The distinction just made makes it clear that it is one thing for a proposition to follow necessarily on premises and quite another for the conclusion to be a necessary truth. In scientific argument, both necessities are in play. At this point, the logician will examine the requirements of the premises in an argument in which the conclusion not only follows necessarily but is also a necessary truth. The premises will have to be themselves necessary truths in order for this to result. And there will be other requirements as well. But perhaps we have enough to clarify what is meant by the subject of a science.
Such clarity is needed because much time will be spent establishing how the subject of metaphysics differs from the subjects of the philosophy of nature and mathematics. Obviously, such discussions will only make sense if we have at least a preliminary grasp of what is meant by the subject of a science.
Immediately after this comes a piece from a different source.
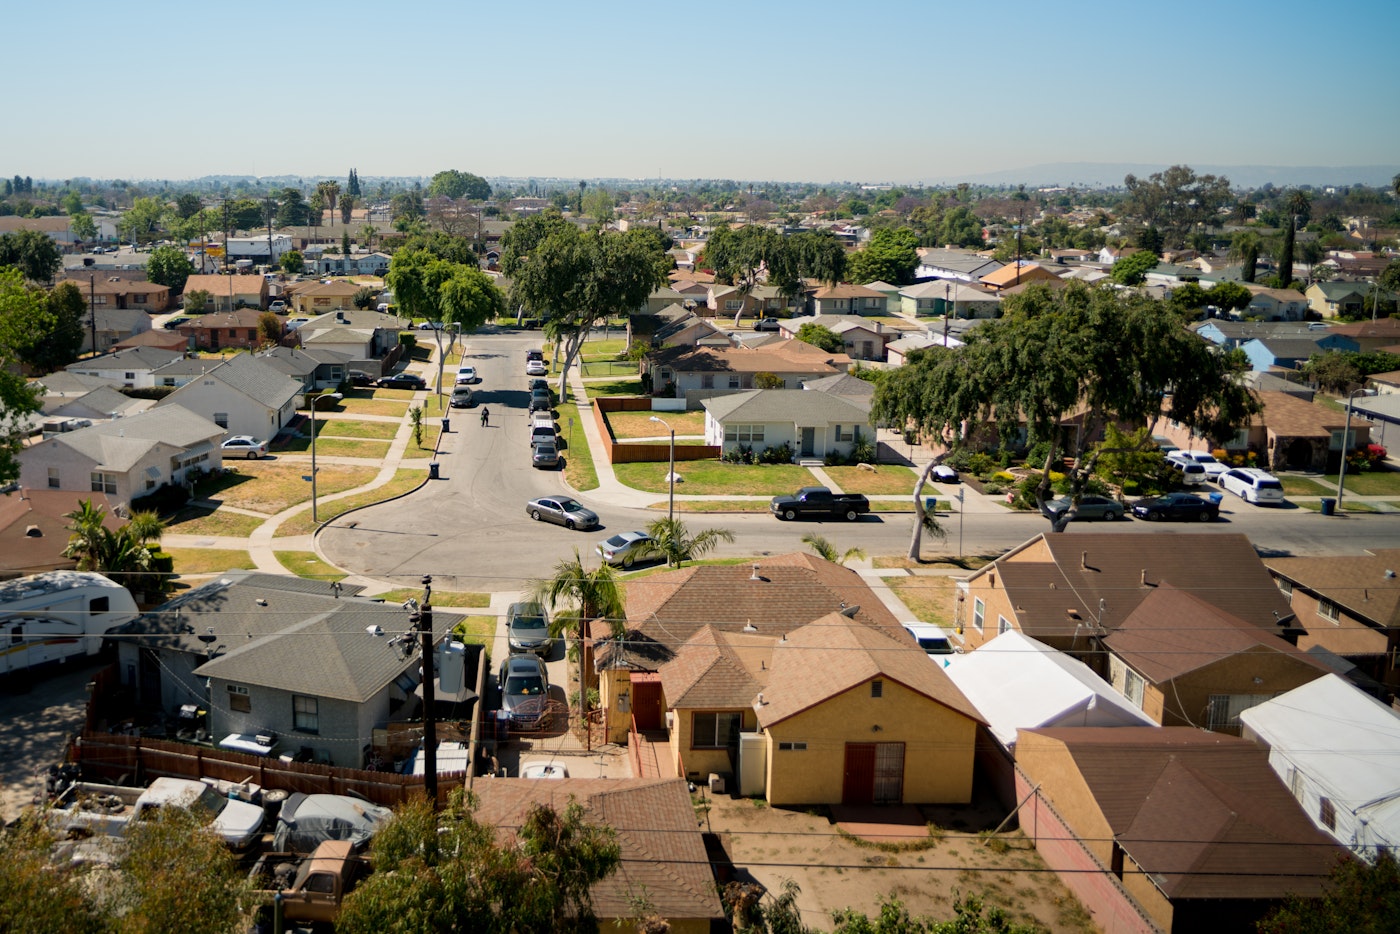 Sugar Hill in West Adams, once home to Los Angeles' Black elite
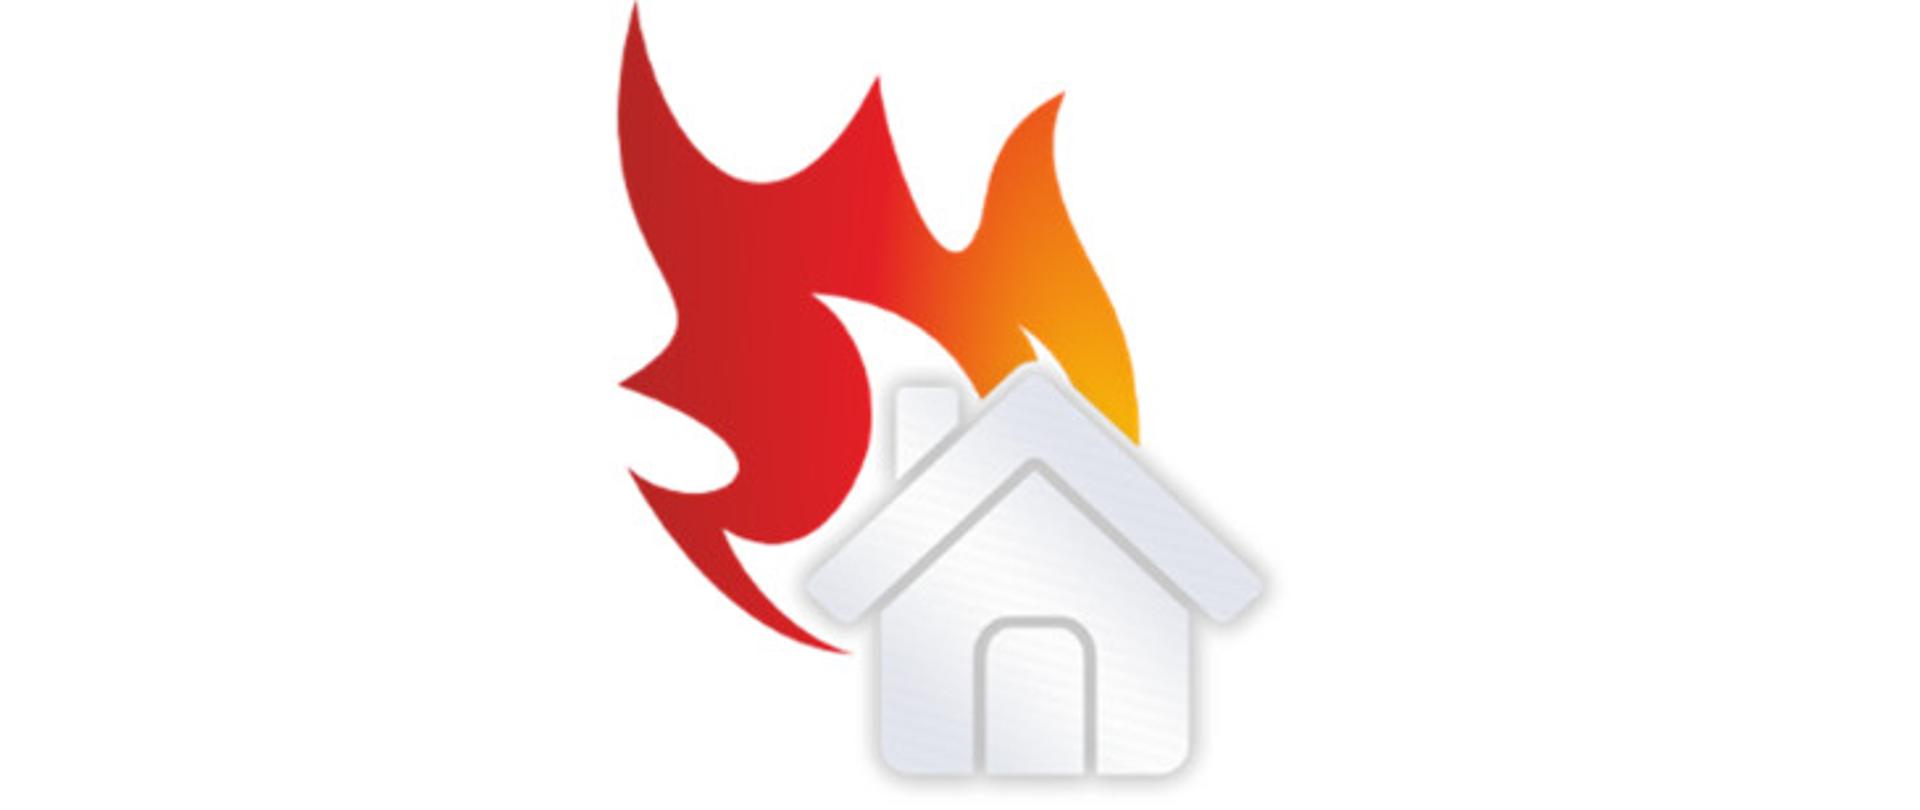 rysunek domu objętego ogniem

Science will be had from a syllogism of a certain kind; scientific knowledge is knowledge of the conclusion of a demonstrative syllogism. The conclusion can be called the object of the science. The subject of the science is the subject of the conclusion of a demonstrative syllogism. If I prove that the sum of the internal angles of a plane triangle equals 180 degrees, I will do so by using the definition of triangle for my middle term. The predicate of the conclusion, shown to belong to the subject because of what it is, as expressed by its definition, is a property. The triangle does not just happen to have it; it necessarily has it. It is not true of the triangle because it is a plane figure nor because it is a scalene triangle, but simply because it is a triangle. The most manifest example of a demonstrative syllogism is one in which the predicate is shown to be a property of the subject because it belongs to it thanks to the subject thanks to what it is.
One further point. If you were asked for a definition of science, you would probably begin by saying that it is a body of knowledge . . . . Thus far, we have been speaking of science in terms of one argument, one syllogism, but as the allusion to plane geometry indicates, a science is a concatenation of arguments. How do they all fall to the same science?
Much will be said of this in the following chapters, but this much must be said now. When I said that the property of the triangle belongs to it as triangle and not as plane figure or scalene triangle, I might have put it in another way. The property belongs to the subject, not because of its species, not because of its species, but because of what it is. Of course what is proved of a plane figure will be true of triangle as one species of plane figure. And what is proved of triangle will be true of the species of triangle. Thus it can be said that one way it is clear that many arguments belong to the same science is because their subjects are related as genera and species.
This should suffice to follow the next two lessons profitably.
Suggested Reading Assignment
Commentary on Metaphysics, Bk. 4, lessons 1 and 2.
Suggested Writing Assignment
Show how the above account of proof is exhibited in Selection 11 from the Penguin book.
Consult John A. Oesterle's classic logic text published by Prentice-Hall more than a quarter century ago and is still in print.